Physicians are also subject to liability for malpractice. In this case, patients can opt between filing a civil action or require medical arbitration from the National Commission of Medical Arbitration (CONAMED). The latter is a quick alternative where a non-judicial solution is proposed.
23. What defences are available to product liability claims? Is it possible to limit liability for defective medicinal products?
Equitable defences are available. Available defences include:
  • Statutes of limitations (which ranges from two to ten years). Under the Civil Code, liability for any illicit action (excluding criminal offences) expires after two years.
  • Assumption of the risk and contributory negligence.
24. How can a product liability claim be brought?

Limitation periods

Depending on the conduct and cause of action, the limitation periods are two to ten years for civil actions, and one to nine years for certain criminal actions.

Class actions

The federal procedural laws have been amended to allow class actions before the federal courts. The Federal Agency for Protection of Consumers (Procuraduría Federal de Protección al Consumidor) (PROFECO), the Attorney General’s Office, non-profit associations and a common representative of a group of at least 30 members can now pursue class actions. These amendments are subject to testing in the courts and apparently there are no precedents of class actions for product liability.
In addition, there is an action available called accion popular, whereby any individual with or without proper legal standing can file a complaint before COFEPRIS, arguing and proving that there are certain health risks in a product in the market.
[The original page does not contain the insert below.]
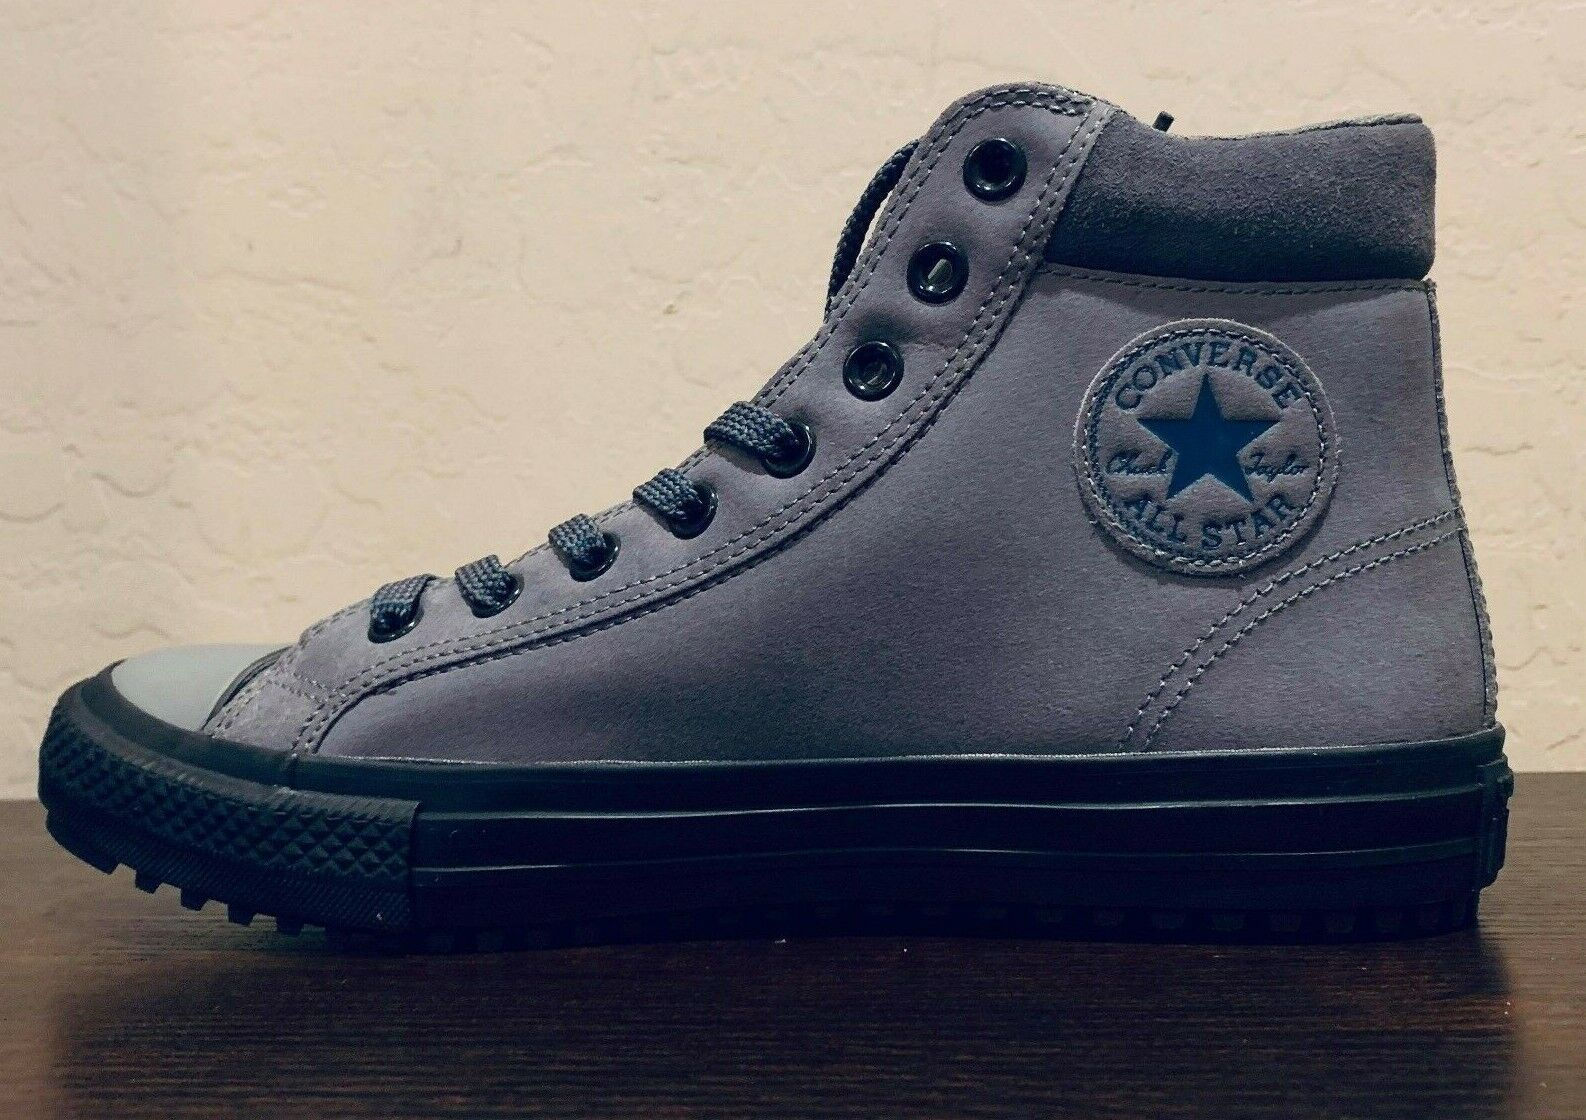 converse work boots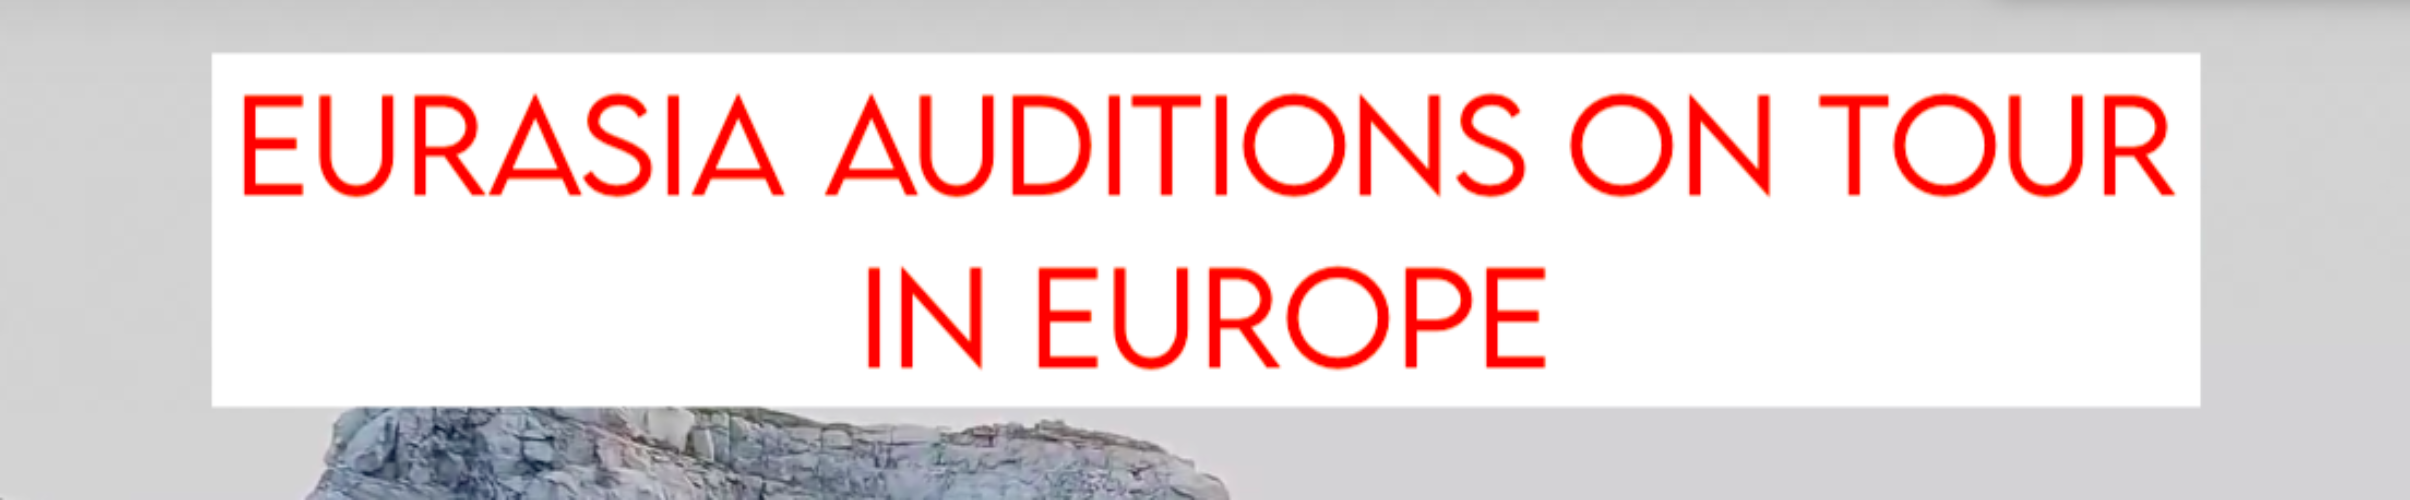 EurAsia Auditions Europe

However, the claimant’s procedural rights are very limited, and these actions are intended to cease a health risk and not to obtain compensation.
25. What remedies are available to the claimant? Are punitive damages allowed for product liability claims?
Preliminary injunctions can be ordered to stop the commercialisation and distribution of a product. Monetary compensation is the most common remedy but equitable remedies are also available.
Punitive damages are not subject to regulation and there are no public precedents to make estimations in this regard.

Reform

26. Are there proposals for reform and when are they likely to come into force?
On 30 November 2018, Mexico, Canada and the US signed the United States-Mexico-Canada Agreement (USMCA) which includes favourable amendments related to pharmaceuticals and regulatory matters and is expected to come into force by January 2020, provided it is ratified by all its signatories. Mexico was the first country to ratify the agreement on 19 June 2019.
On 8 March 2018, 11 countries signed the free trade agreement formerly known as the Trans-Pacific Partnership (TPP), which has been renamed the Comprehensive and Progressive Agreement for Trans-Pacific Partnership (CPTPP). The signing members are Australia, Brunei, Canada, Chile, Japan, Malaysia, Mexico, New Zealand, Peru, Singapore and Vietnam. The CPTPP includes several provisions that will certainly have a positive impact in terms of enforcement.
Due to the above, amendments to the Mexican intellectual property and health laws are expected in the near future.